Gulf Marine Services – latest Trading Statement sees brokers Target is four times the current price
Higher utilisation levels and growing order books have combined to give this group confidence that 2023 will help to mitigate any external pressures, while seeing the group strengthen its prospects.
The £47m capitalised Gulf Marine Services (LON:GMS) is a world-leading provider of advanced self‐propelled self‐elevating support vessels (SESVs).
The group’s fleet of 13 vessels serves the oil, gas and renewable energy industries from its offices in the United Arab Emirates, Saudi Arabia and Qatar.
The SESVs are used in a broad range of offshore oil and gas platform refurbishment and maintenance activities, well intervention work and offshore wind turbine maintenance work, as well as in offshore oil and gas platform installation and decommissioning and offshore wind turbine installation.
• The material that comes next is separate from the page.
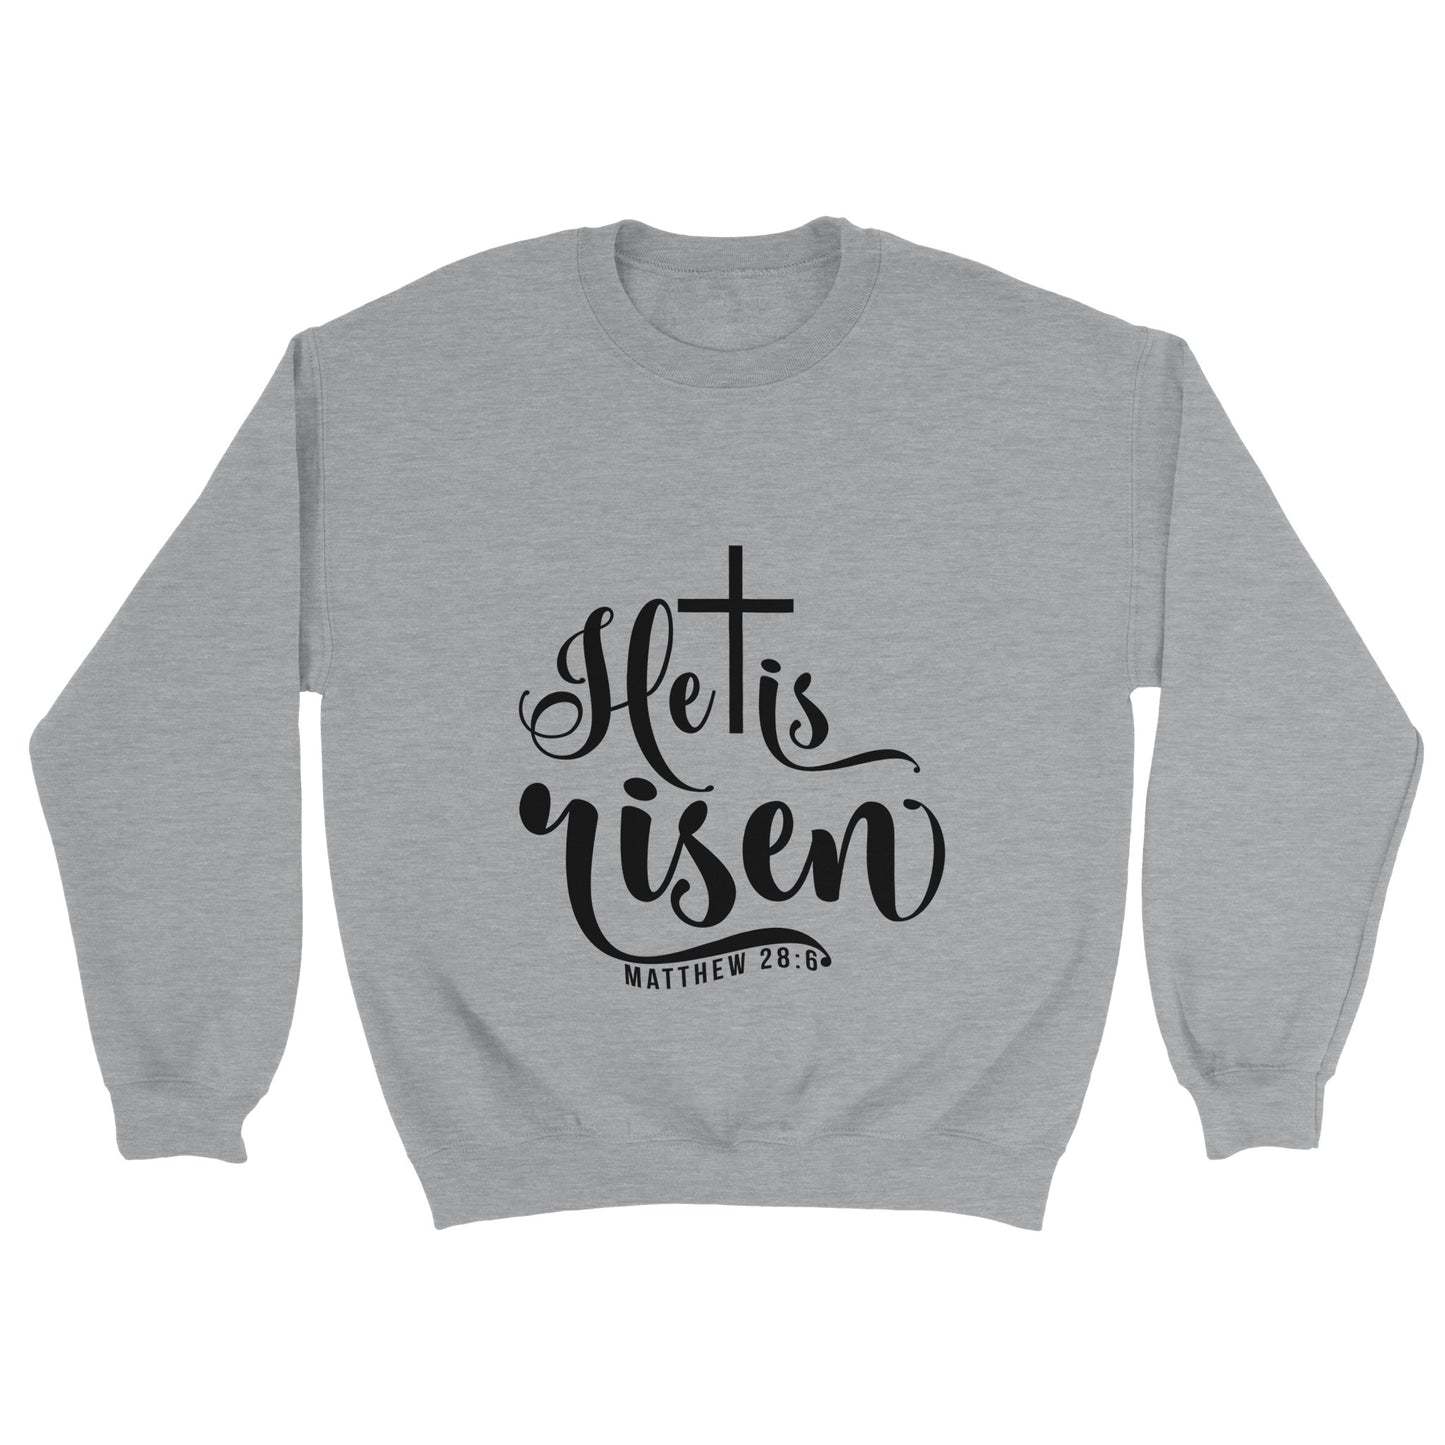 He is Risen (Matthew 20:6) - Classic Unisex Crewneck Sweatshirt
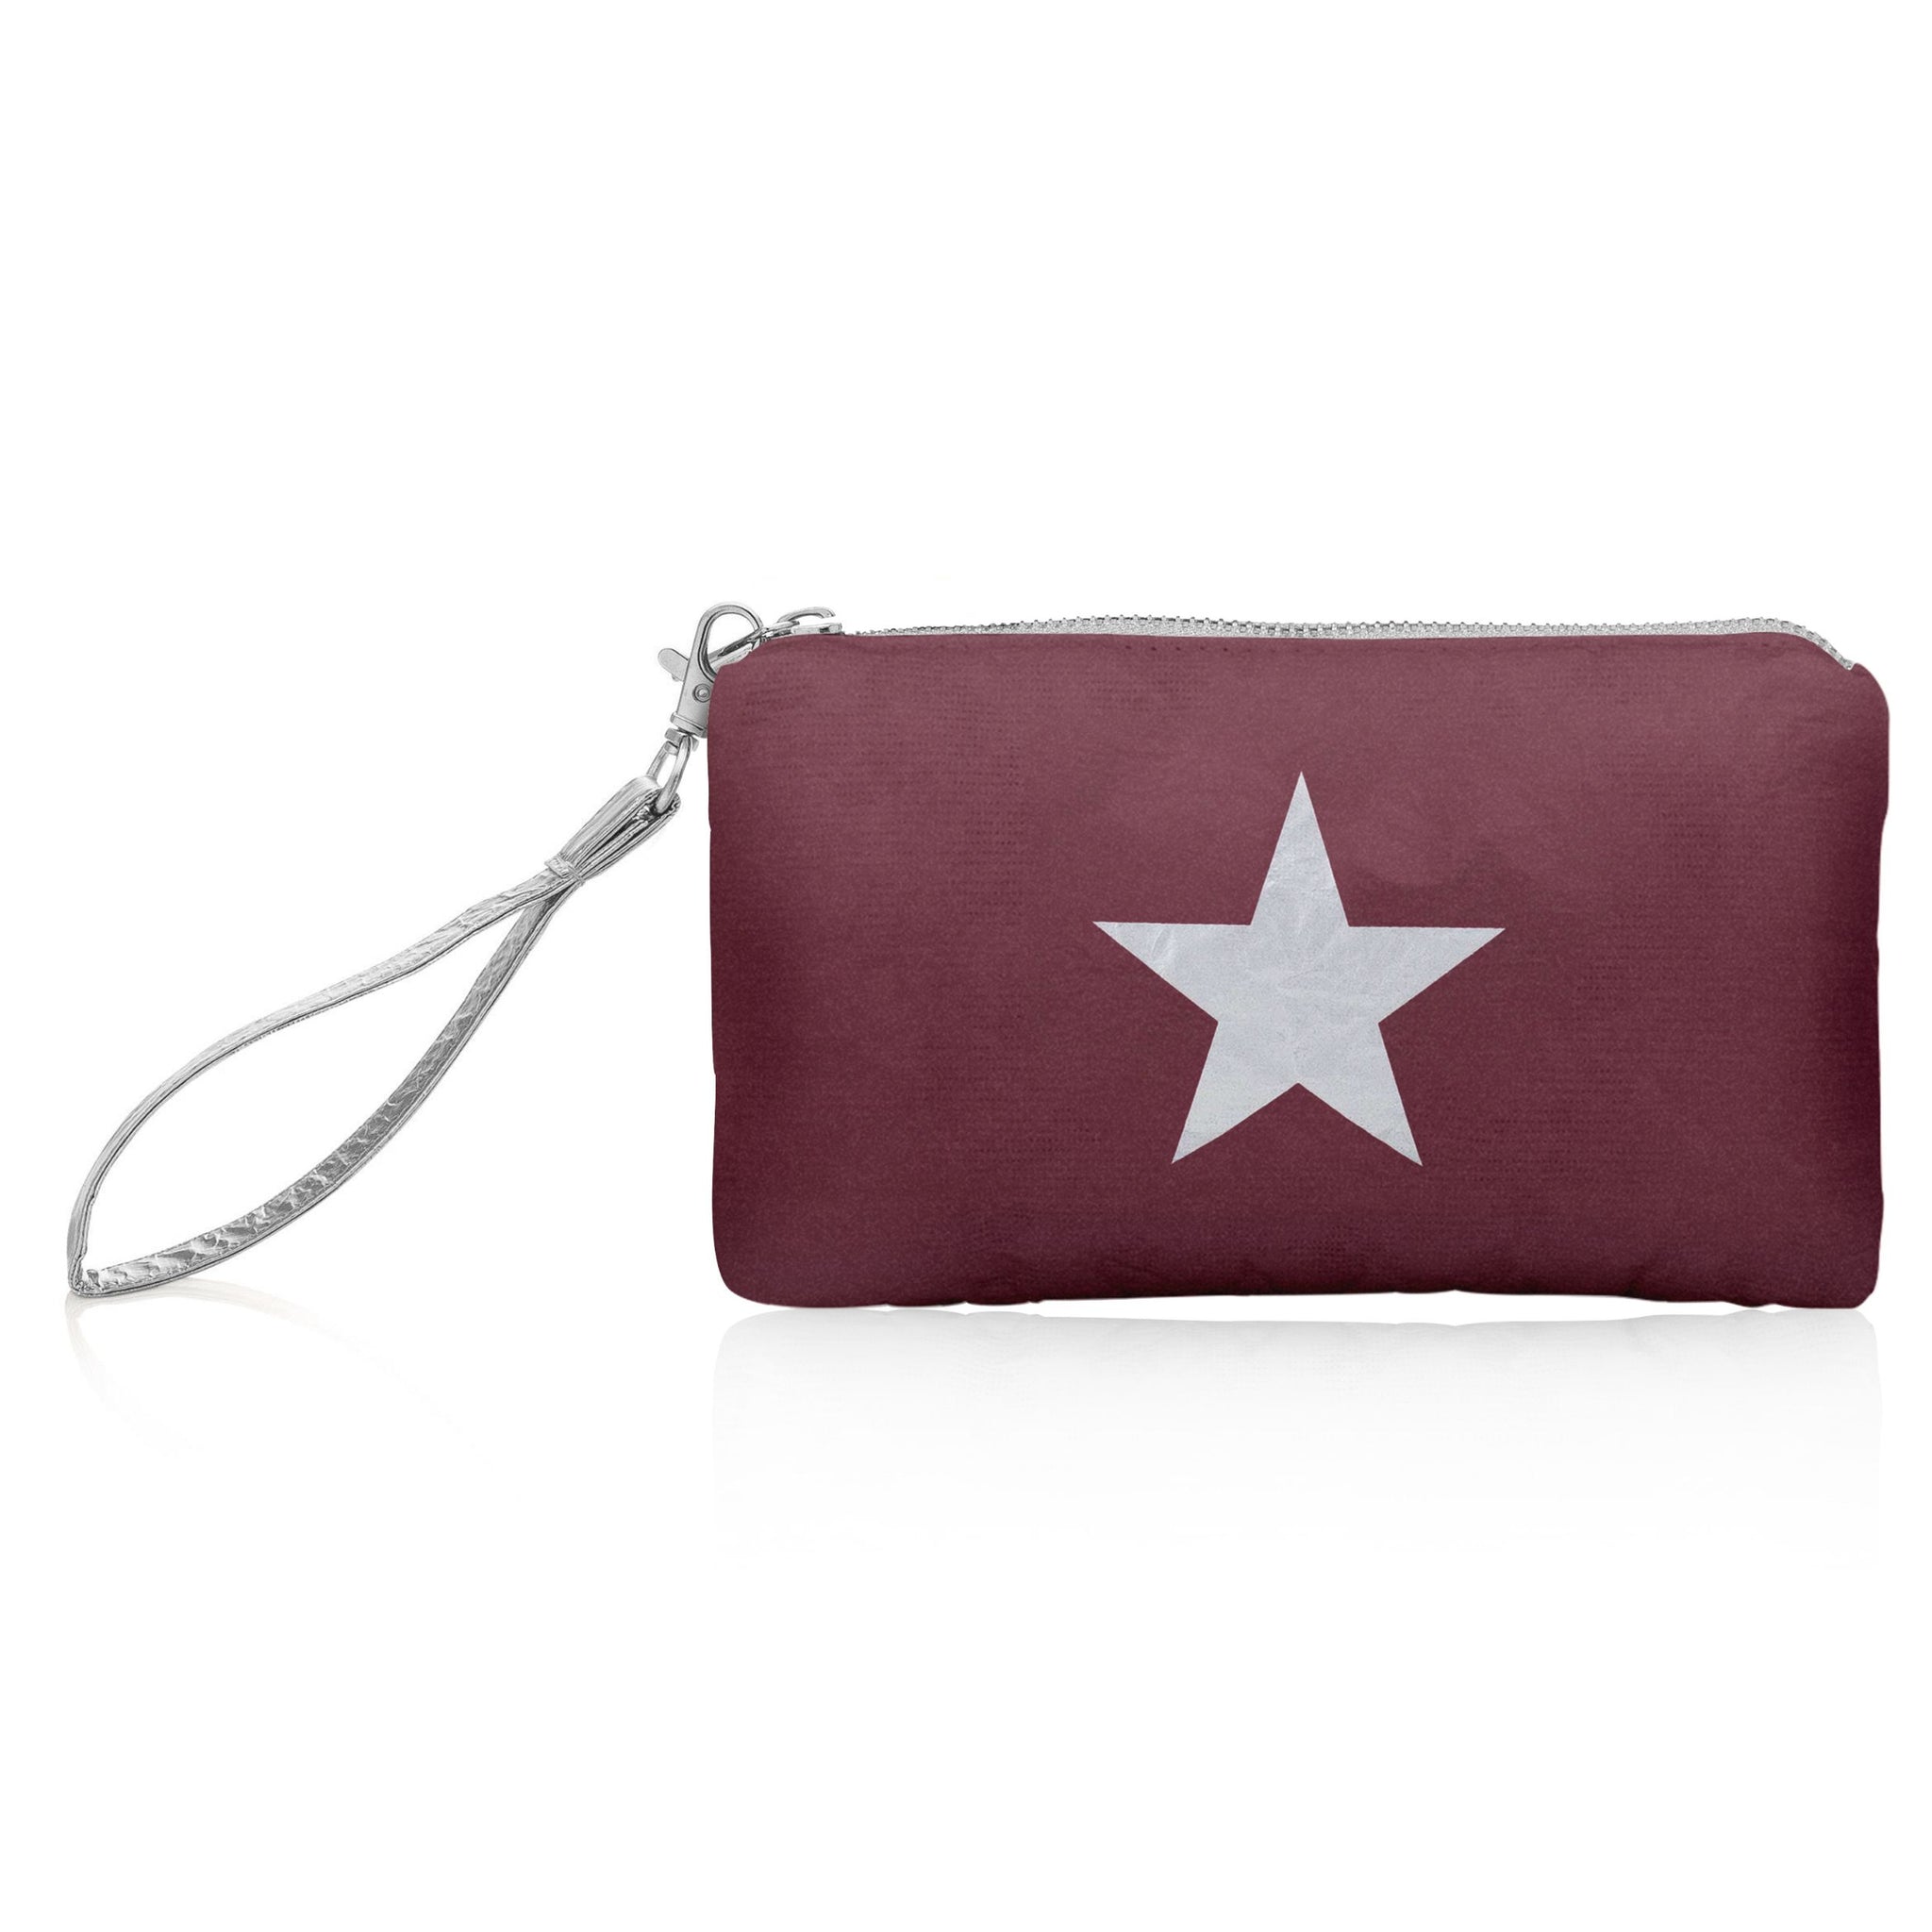 Hi Love's Stars Fabric Collection of Handbags, Packs & Totes

The group has given higher guidance for the current year to end December 2023 for its EBITDA to range between $75m to $83m – which is quite positive.
Executive Chairman Mansour Al Alami stated that:
“Our markets continue to show signs of strength. Vessel utilisation and day rates are continuing to remain resilient amid high demand for our vessels.
As we progress in to 2023, we aim to mitigate the impact of external pressures, including continued high inflation and higher worldwide interest rates, on our margins and maintain our focus on deleveraging and delivering on operational efficiencies.”
Analyst Opinion – Target Price of 20p a share
Daniel Slater at Arden Partners has a Buy rating out on the group’s shares, with a Target Price of 20p, over four times the current market price of just 4.6p.
His estimates for the year to end December 2022 are for sales of $128.1m ($115.1m) while adjusted pre-tax profits could rise to $25.2m ($20.7m), giving earnings of 1.9c (2.7c) per share.
After this Trading Statement the group has given guidance from which Slater assesses $139.9m sales in the current year, lifting profits up to $29.1m and generating 2.2c in earnings per share.
Conclusion – these shares could easily double
With an order backlog of $369m the demand for the group’s vessels has continued, while improvements in operating efficiencies and strengthening markets will certainly boost the bottom line.
The group’s shares were up to almost 8.7p each ten months ago, they could so easily return to trade at those levels.
Currently trading at only 4.6p each, these shares have the ability to more than double in the next year.